それゆえに、私たちは死者から「使役」される側に立つのである。決して死者を領有して「使役」する立場ではない。

 そうやって「使役」される中で、私たちが「フィクション」として語り継ぐことができるものは何であろうか。

私はこの様に考えている。

『存在するとは別の仕方で』における「私の如何なる自由にも先行する絶対的受動性」により「他者=死者」の身代わりとして使役され、「ロゴス」としての「生者の言葉」を持つ。
そして『全体性と無限』に於ける「私のうちにすでにあるもの以外は「他者」から何も受け取らない」というポーズを取ることで完成される「何も語ることが出来ない」ということが、語り得る確かなものであるだろう。

この「何も語ることが出来ない」を語るという姿勢が、私にとって『ヒロシマ・モナムール』を誠実な作品として現前させた。


 話は逸れるが、レヴィナスと同様にヨーロッパの文脈とホロコーストという主題を共有する芸術家にはボルタンスキーがいる。

彼は父がナチスの迫害を受けたユダヤ系という出自を持つ。

私にとって、反戦を表現した芸術家で好意的にその作品を鑑賞できる数少ない一人である。


ボルタンスキー作品は、一見すると死者に対して非常に敬虔な祈りを捧げている様に見える。



しかし、過剰なまでの物質量を持ってインスタレーション化された「脱け殻の皮膚」としての古着や死者の「デスマスク」としての写真、その2次使用。
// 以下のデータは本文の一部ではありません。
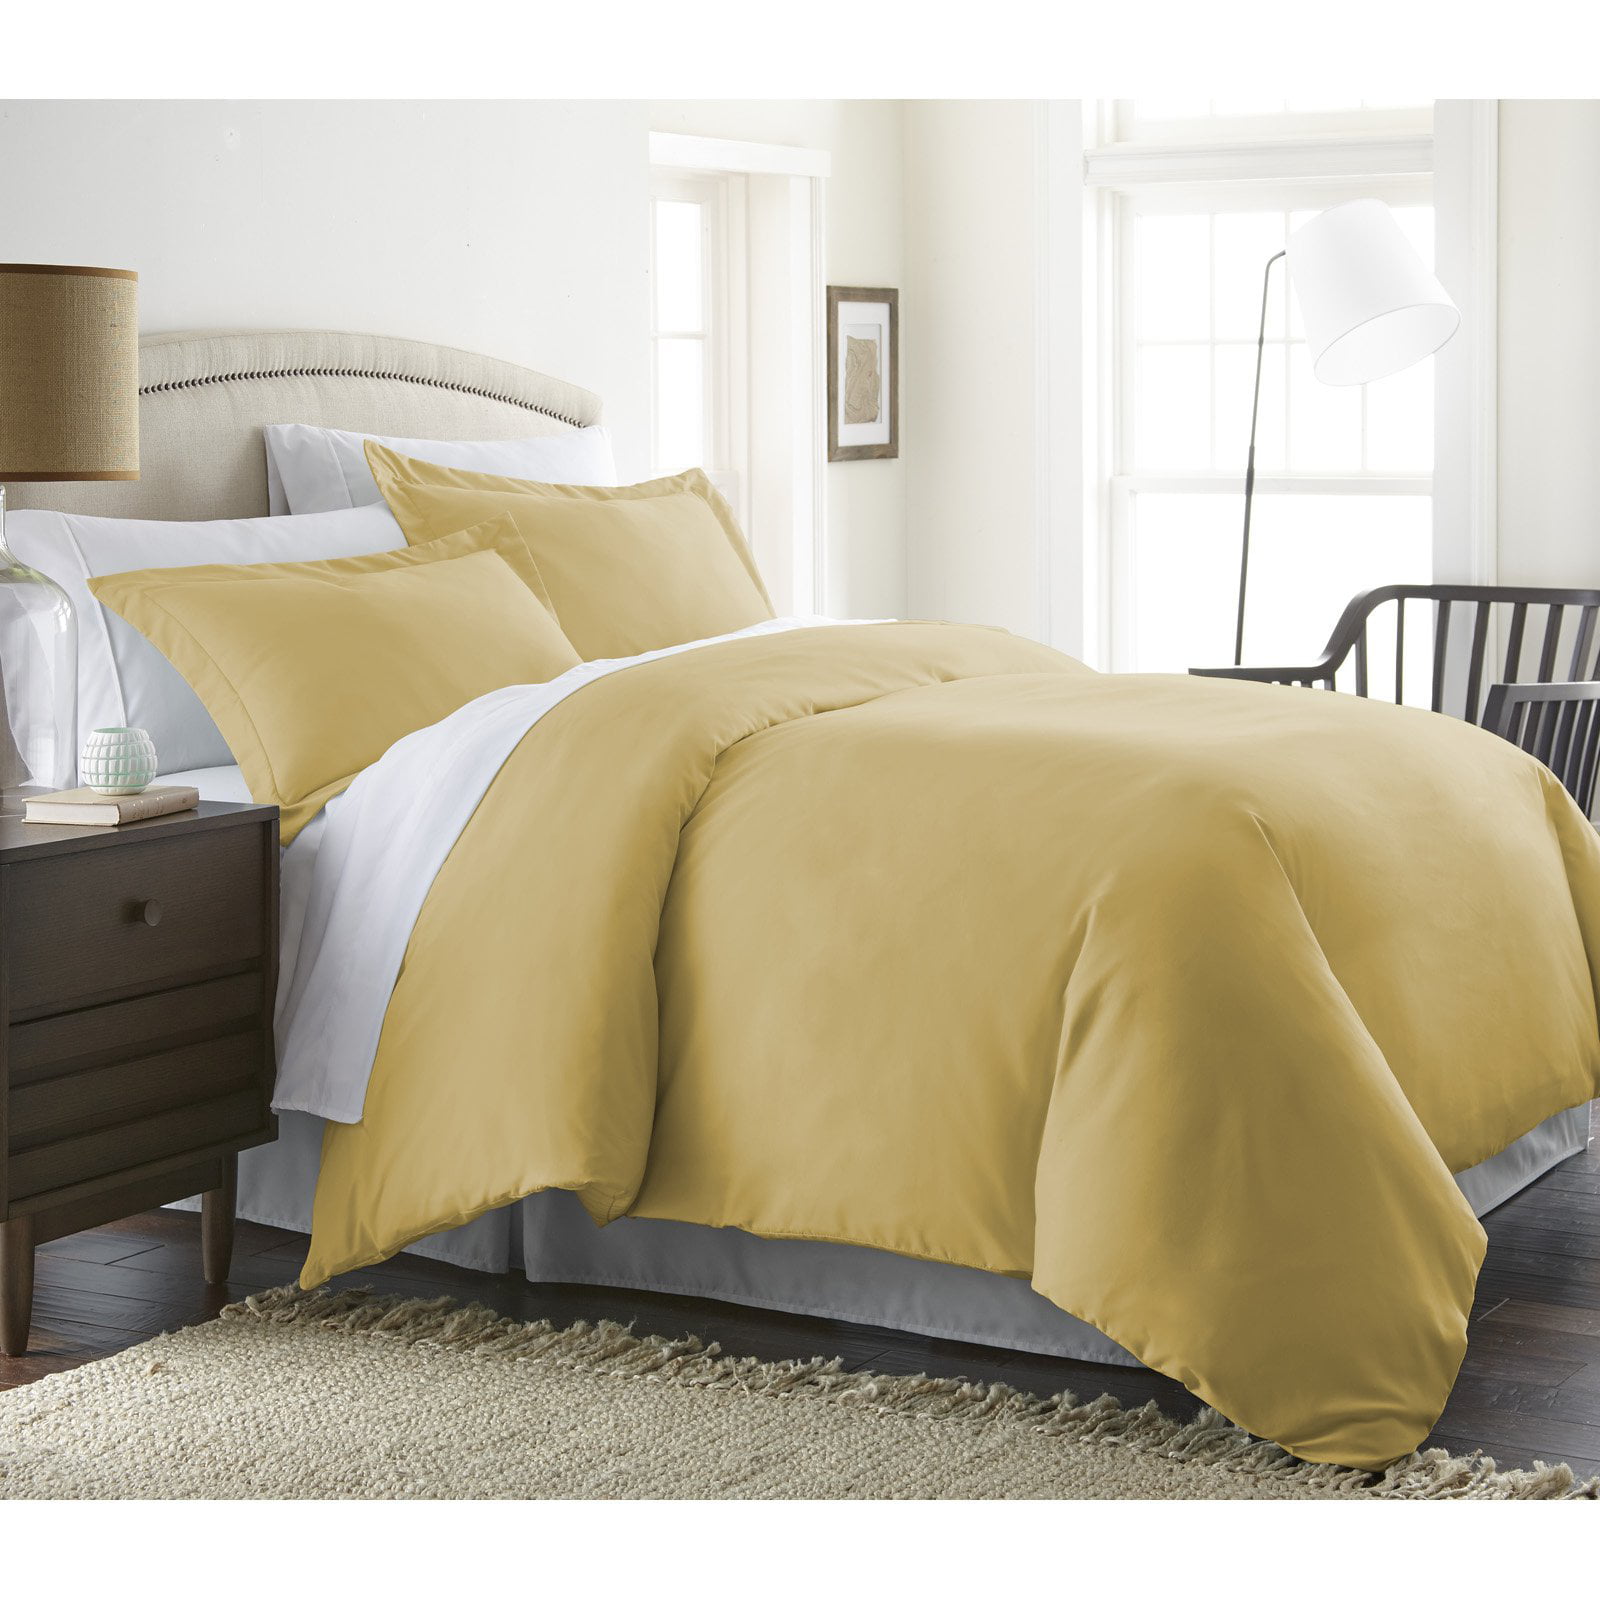 Beckham Luxury Soft Brushed 1800 Series, Jcpenney Twin Duvet Covers

何度も複写され輪郭線の曖昧になった顔写真は惨たらしさまで感じる。
最終的に、私にはこれらの持つ「固有性を剥奪する暴力性」が伺える。

私はボルタンスキー作品が好きだ。
しかし一見すれば、ボルタンスキーの作品はレヴィナスの思想と相反する。
彼の作品は、死者を「存在論の語法」で語っているように見えなくはない。
ではなぜ、死者たちを「利用可能な文脈で」表象したように見えるボルタンスキーの作品が好きなのか。

それは、一個人としての「死者」をある事象に直面した集団としての「死者達」として均質させてしまうこの暴力性が、極めて過激な方法を取った「死者を存在論の語法に於いて語らない」ということであったからなのでは無いか。
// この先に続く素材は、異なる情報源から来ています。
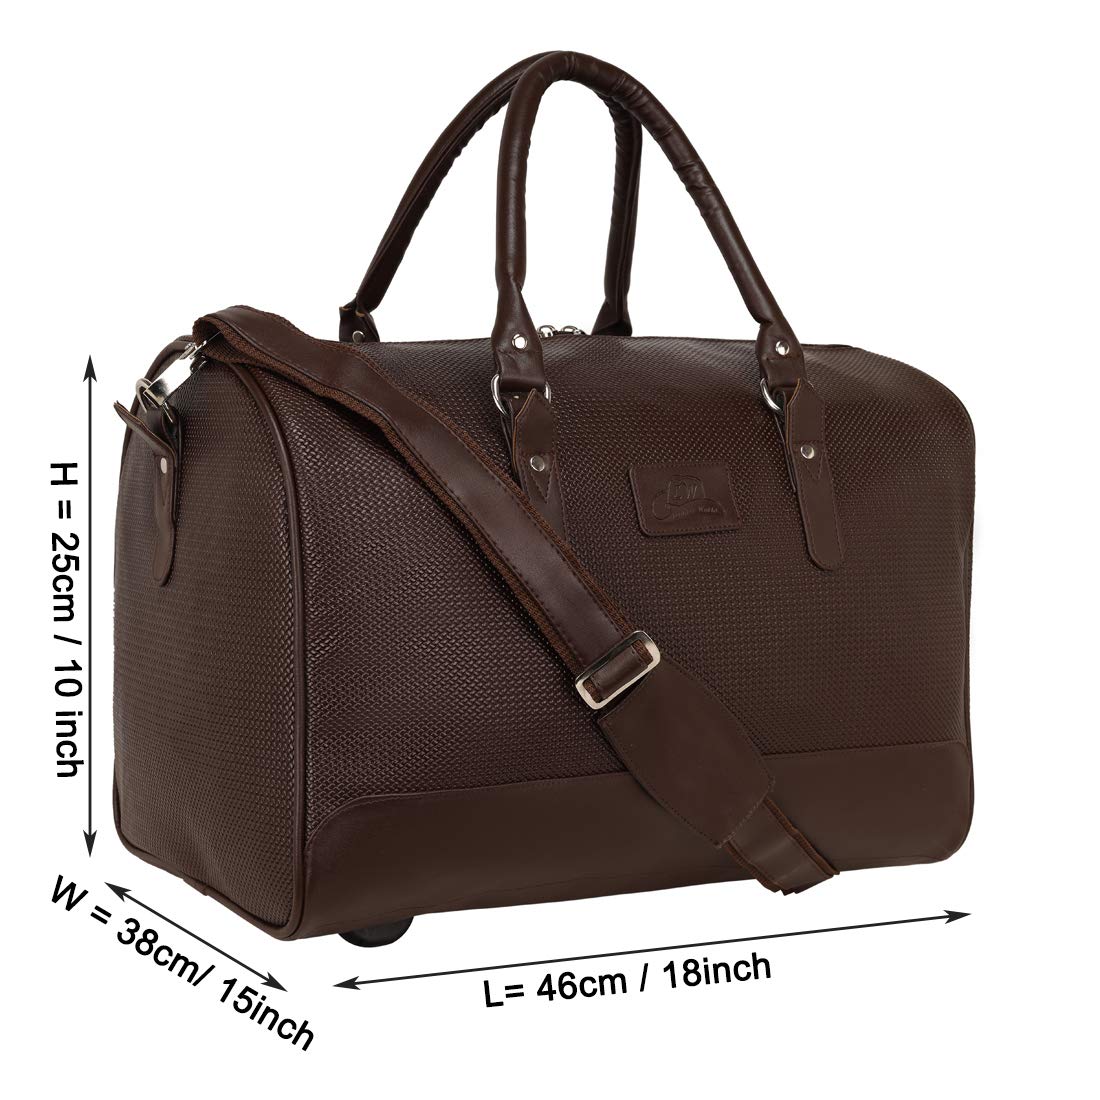 Leather World High Capacity Travel Bag Luggage Unisex Leisure Fitness Weekend Bag Business Suitcase Soft Vegan Leather Travel Duffels Shoulder Bags

前述したように、レヴィナスによれば、私たちに許された「証言」の仕方は「あの時代を生き残った私たち一人一人がそこにめまいのするような既視感を覚える種類のフィクション」としてのみである。

ボルタンスキーのインスタレーションに於ける量的過剰さや、均質化は「フィクション」としての語りを可能にしたのではないか。
彼の崇高で敬虔な「死者の追悼」の演出は、その過激な演出それ自体が「死者の言葉」の表象可能性の否定なのではないか。

レヴィナスから見るボルタンスキーの「死者の領有性」に関してはより考慮すべき点があるだろうが、ひとまずここで区切りをつけることにする。


 ただ確かなことは、今後私は「反戦」を描く芸術作品を見るための切り口としてレヴィナスの言うところの「フィクション性」と「非・存在論の語法」によるストーリーテーリングを以って鑑賞できることだけだ。